Monday, February 8, 2010

What's in a Name - Le Lapin Agile

Le Lapin Agile

Just when you think you knew it!

Montmartre of the late C19 has always had the strongest fascination for me, particularly the establishments that emerged there to meet certain of the shall we say more basic needs of intellectuals, artists, writers, the upper classes, politicians and so on.

While these venues presented genuine artists, such as the cabaret singer Yvette Guilbert ...

Henri Toulouse-Lautrec 'Yvette Guilbert' 1894

... many of the 'performers' had parallel careers as persons of easy virtue, like the famed Can Can dancer La Goulue (Louise Weber, 1866-1929) ...


... who was the undisputed and highly paid star of the Le Moulin Rouge ...


Other similar music halls in Montmartre were Le Moulin Radet ...


... and Le Moulin de la Galette ...

Le Moulin de la Galette 1885


Vincent van Gogh 'Le Moulin de la Galette' (1886)

Other watering holes of the demi monde were cafes, such as Le Chat Noir ...



... and Le Lapin Agile ...

Le Lapin Agile 1880-1890

Le Lapin Agile with the proprietor, Frédéric Gerard, aka le père Frédé, playing the guitar (c1905)

Now - slowly slowly - we're getting to the point of the post!

In 1875, a sign was painted for 'Le Cabaret des Assassins' at 22 rur des Saules in Montmartre.

It showed a rabbit jumping out of a saucepan. Hence, I thought, the name of the cafe - agility does of course keep rabbits out of cooking utensils and off dinner tables, yeah?

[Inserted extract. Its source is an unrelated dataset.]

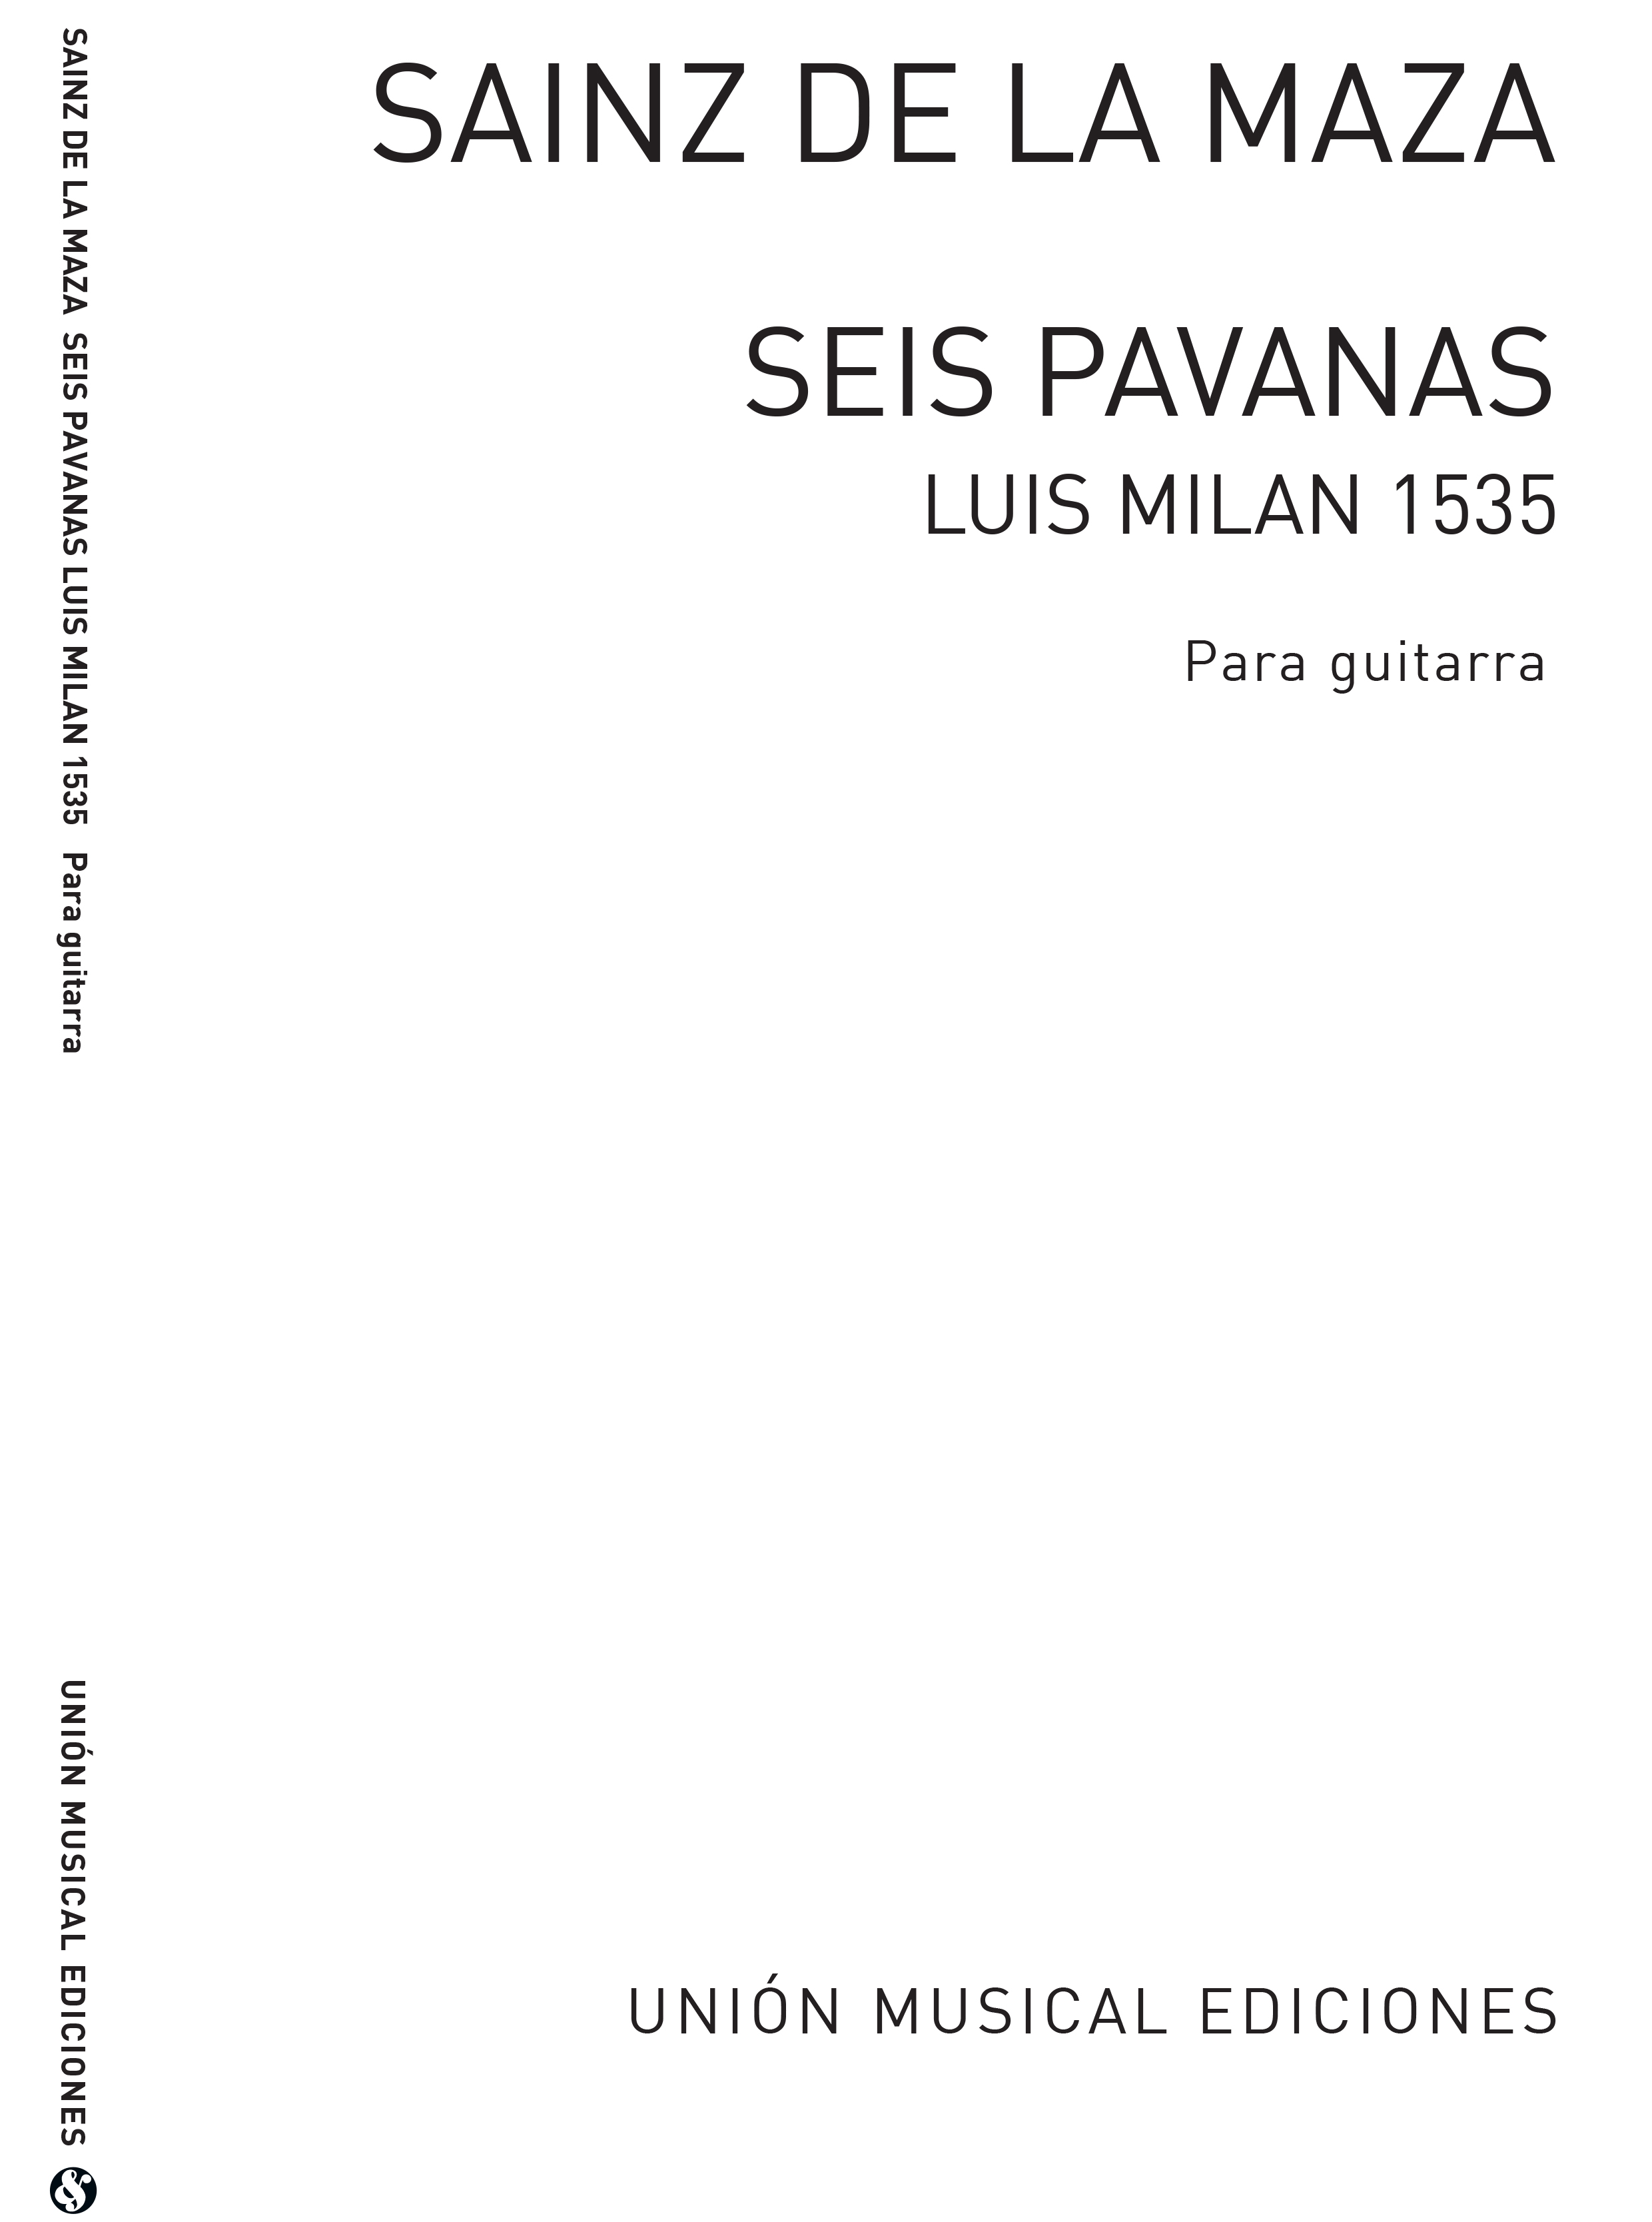 Luis de Miln Regino Sainz de la Maza: Seis Pavanas: Guitar: Instrumental Work

However ... the painter's name was Andre Gill and so locals gradually began to call the cafe 'Le Lapin à Gill' (Gill's rabbit) - which I imagine evolved, as things do, into 'Le Lapin Agile' (the nimble rabbit. Though perhaps both meanings were intended at the outset.

At the century turned over, the 'Le Cabaret Au Lapin Agile' was attracting artists and writers, such as Picasso, Utrillo and Apollinaire. Who often recorded the goings on. Classic Montmartre stuff.

Pablo Picasso 'Au Lapin Agile' (1905)

Now, I very much like the notion of time travelling back - even just for a moment - to any or all of these establishments.

And it seemed momentarily possible this morning when I came across a tiny piece of early C20 French film.

It shows a bunch of people in Montmartre walking past 'Le Rat Mort' (the dead rat) ...


... and then we see the briefest camera shot of Gill's sign through the branches of a tree, an image in which we can just make out the legs of the infamous rabbit as it leaps out of a pan sitting on a bottle strewn table ...


Or are we alternatively looking at an early form of Rorschach inkblot test!

The footage then leads into the outside front patio of Le Lapin Agile, with its benches and tables just as pictured in the photograph and painting above. But with with the addition of a maid, a small donkey, and the patron's dog. The requisite writers/painters/poets/whatever are there cogitating away round a table in the background ...


The capped man in the middle ground tries not too successfully to drive the donkey out of frame with a little cane ...


Finally we have the patron himself, Frédéric Gerard, known as le père Frédé ...


... with his back against open window shutters and puffing away on his pipe, for all the world a dead ringer for Santa Claus.

Ok, I'm just going to step into my tardis ... and while I'm away ...

video

... I hope you'll enjoy this just half as much as I did making it!

1 comment:

  1. Hi there - thank you for the lovely post on The Lapin Agile. Can you tell me where you found the footage???? It's amazing!